### [Exercise requirements]
Take the lines in the listing below from the line with "Table 2: Dosing" up to and including the line with "Crown Silhouette" and set them down exactly, skipping pictures and adding nothing.

### [Dataset records]
____

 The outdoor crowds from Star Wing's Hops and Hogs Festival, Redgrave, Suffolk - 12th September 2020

____

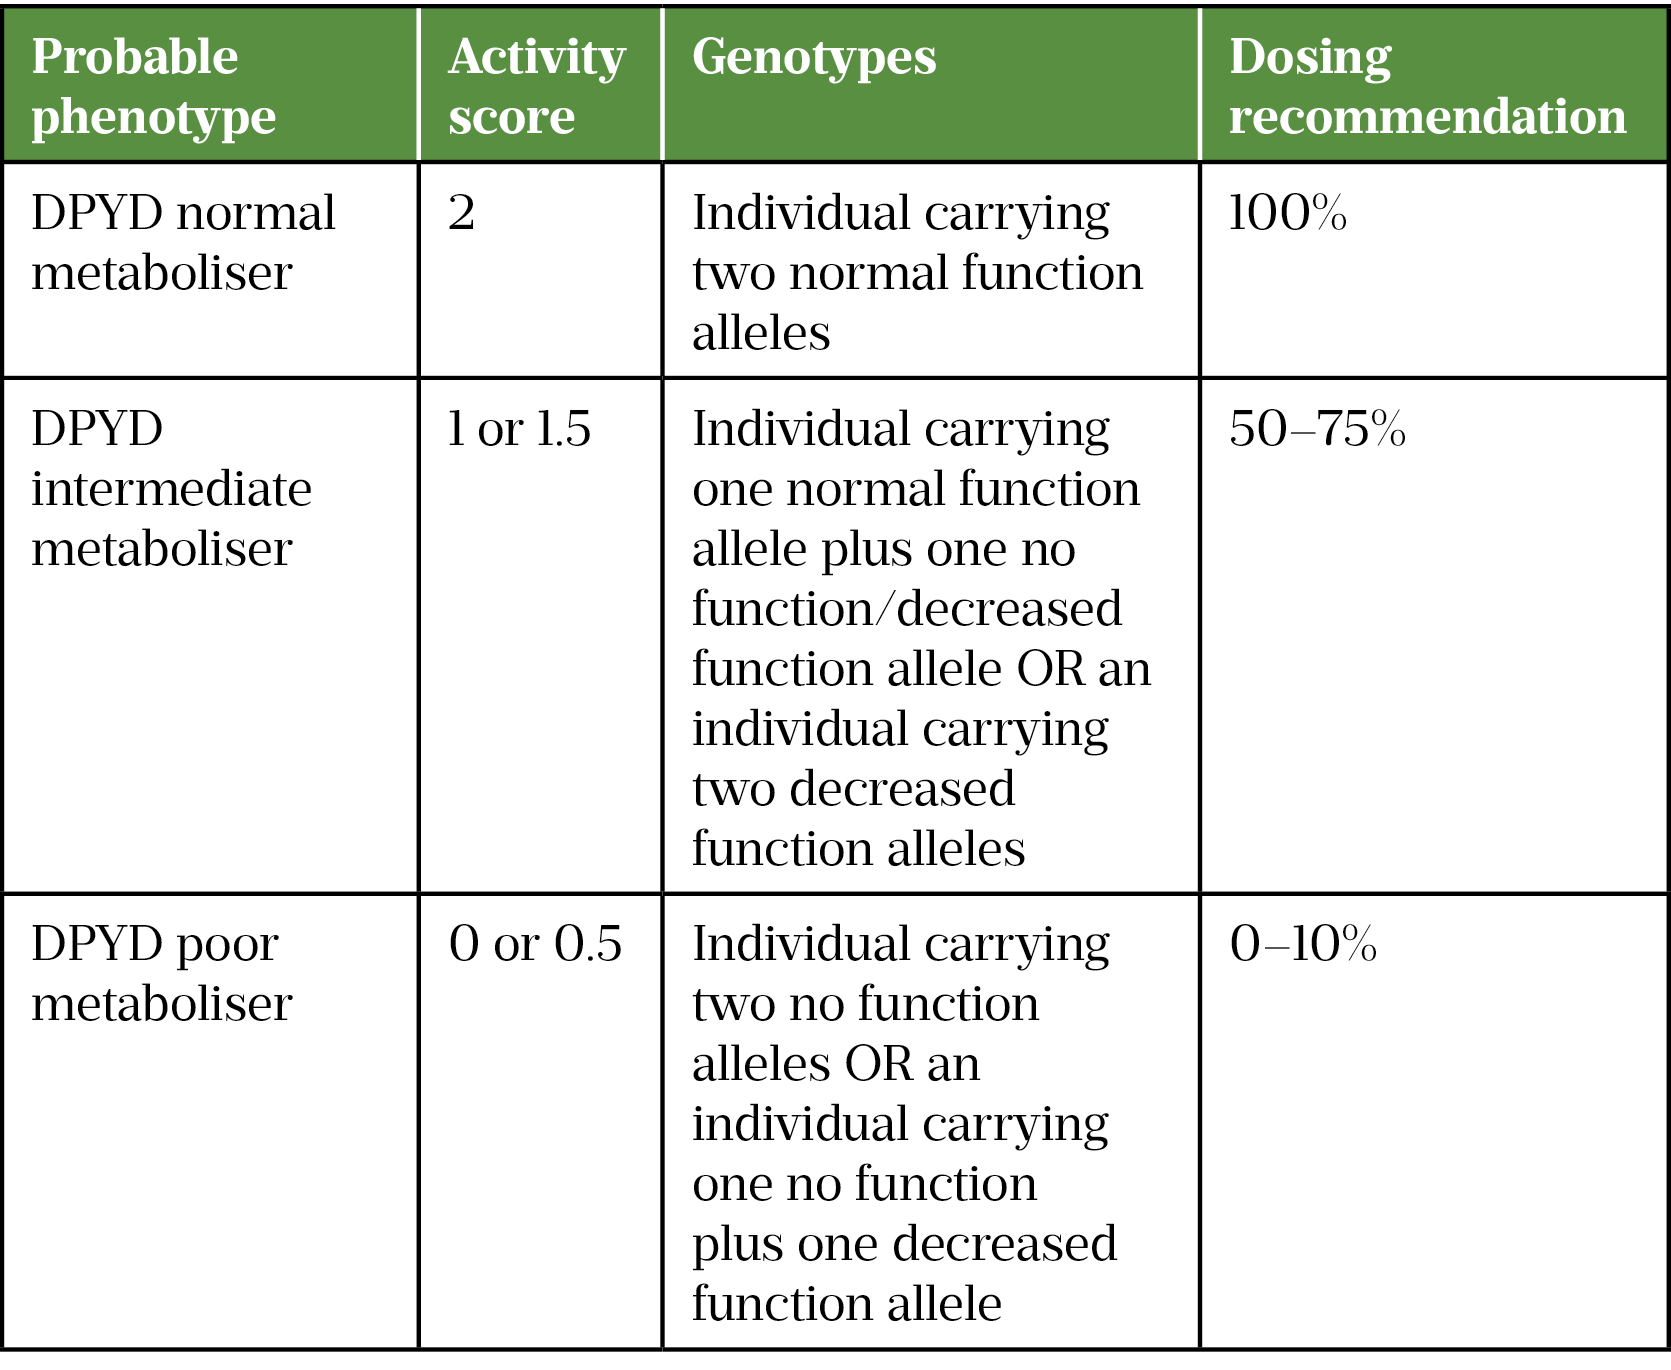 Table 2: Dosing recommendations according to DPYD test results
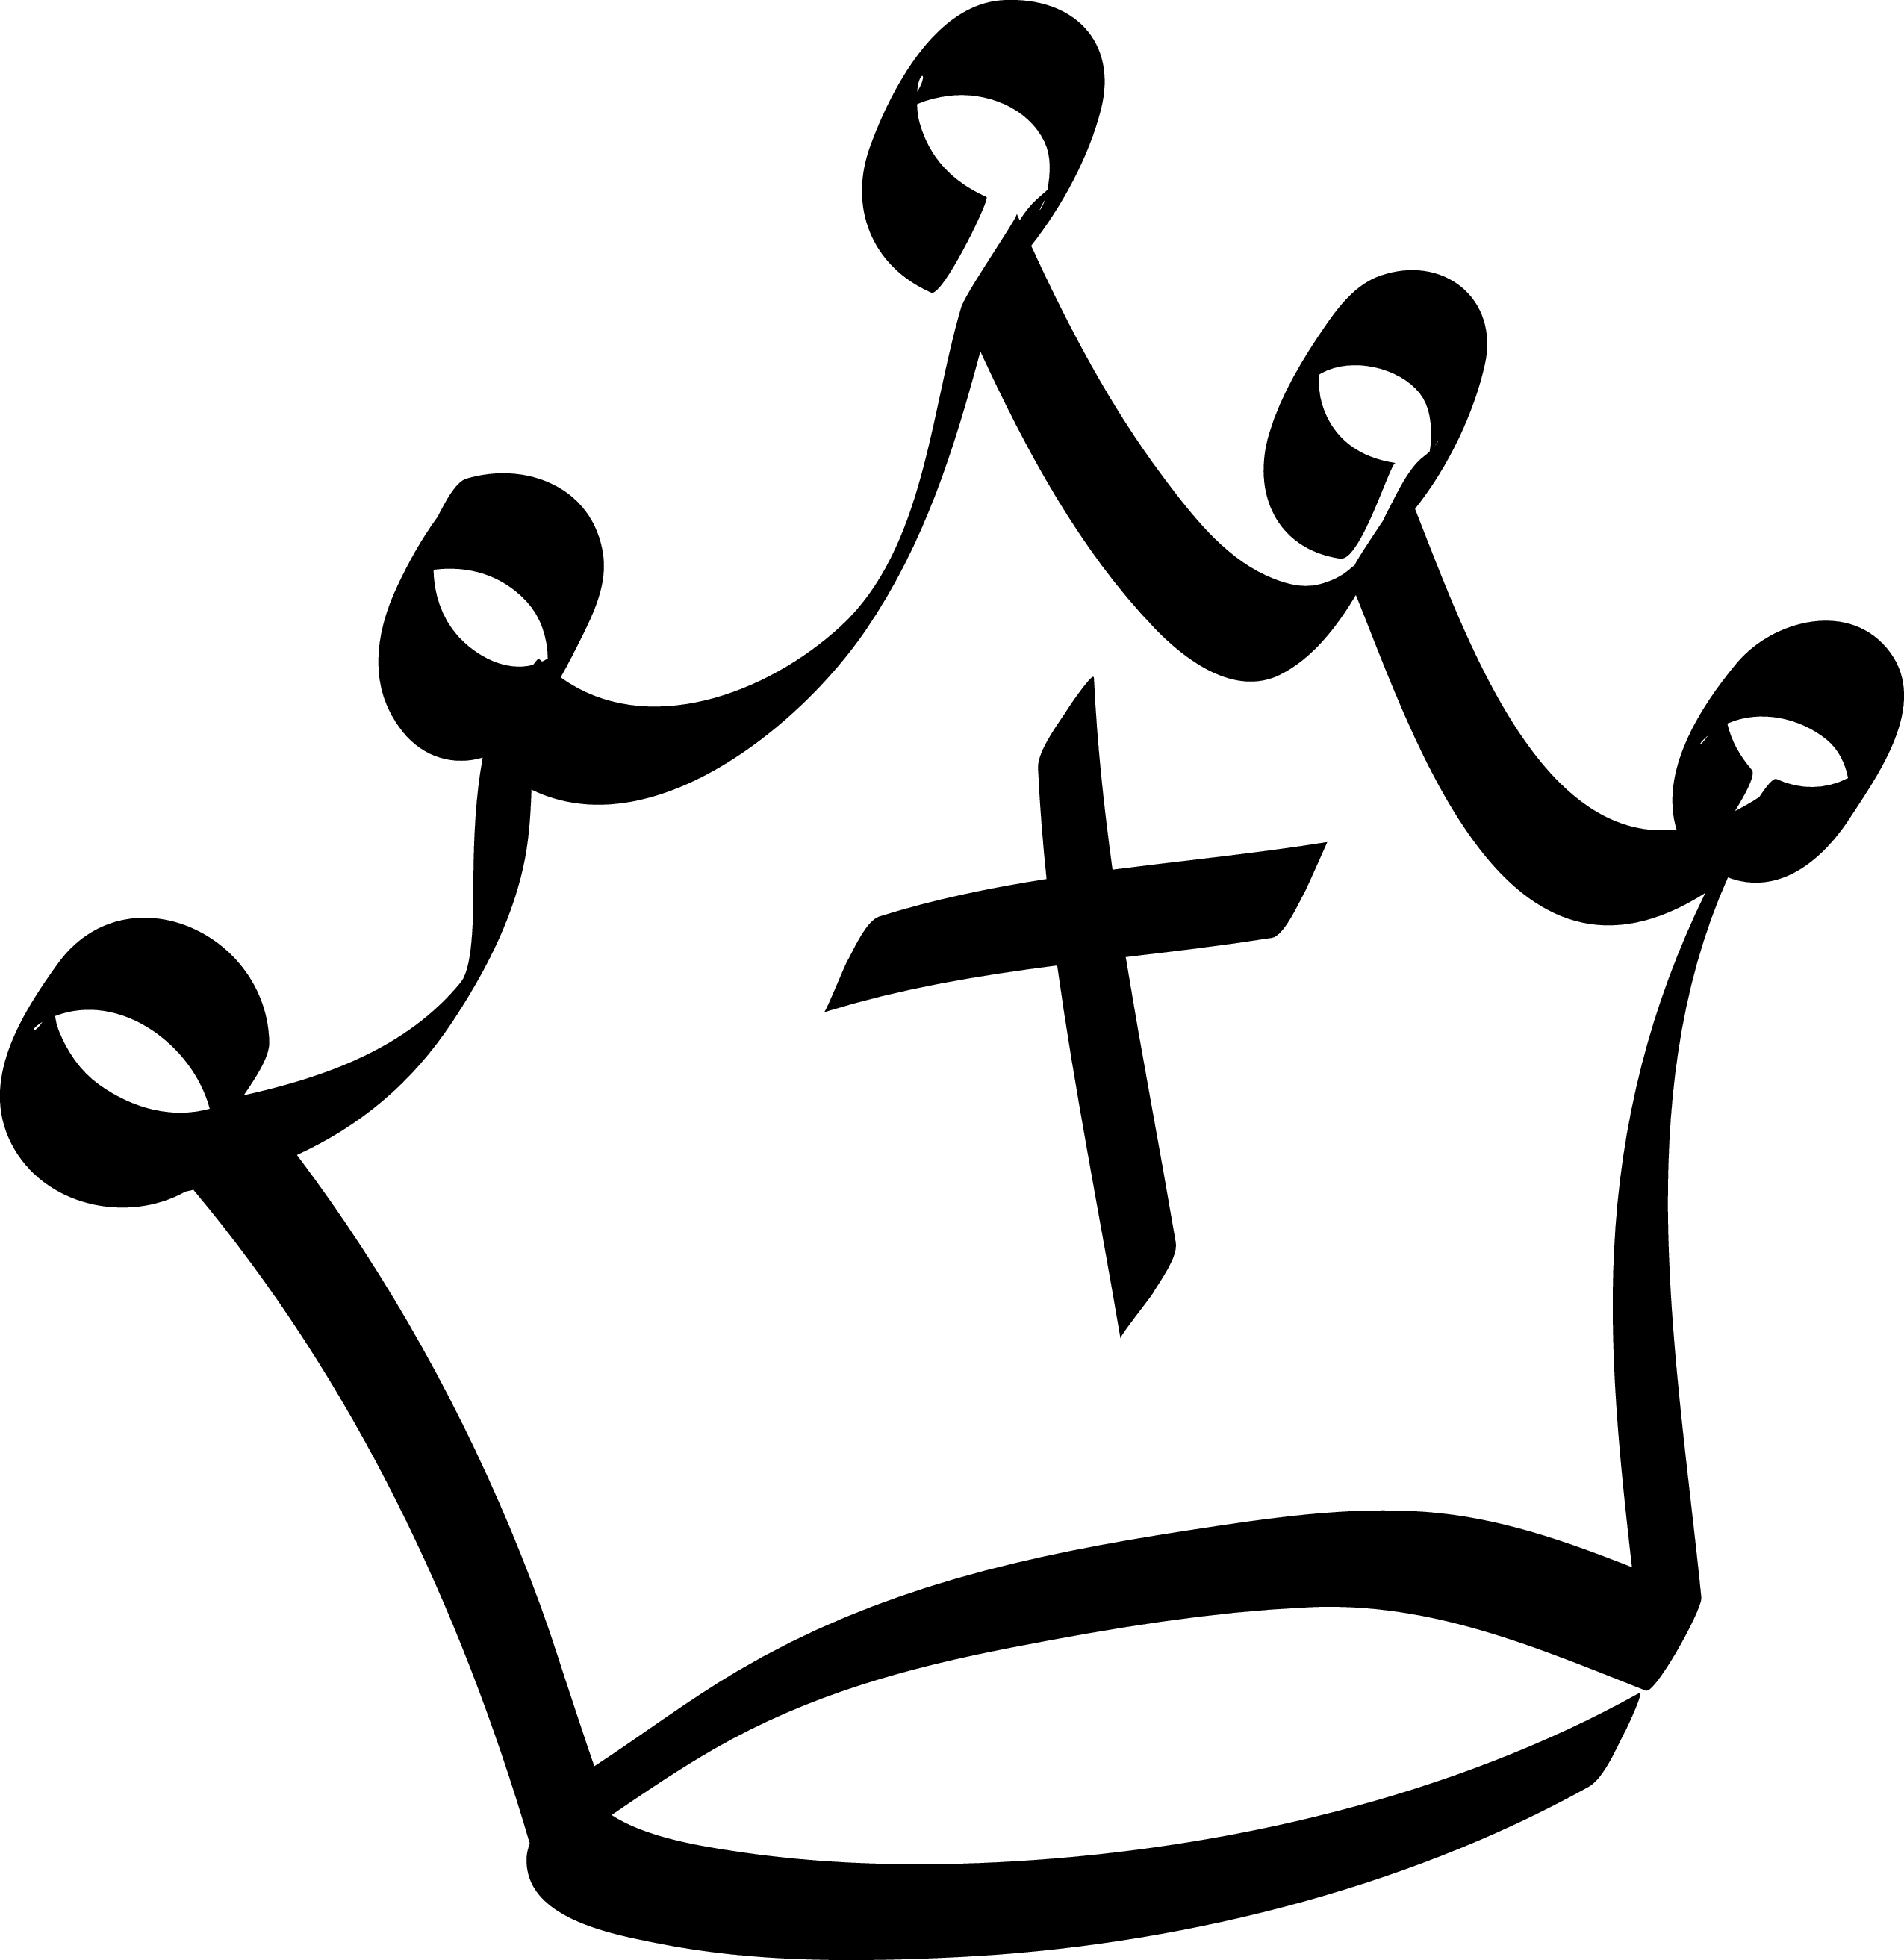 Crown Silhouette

____

### [Exercise result]
 Table 2: Dosing recommendations according to DPYD test results
 Crown Silhouette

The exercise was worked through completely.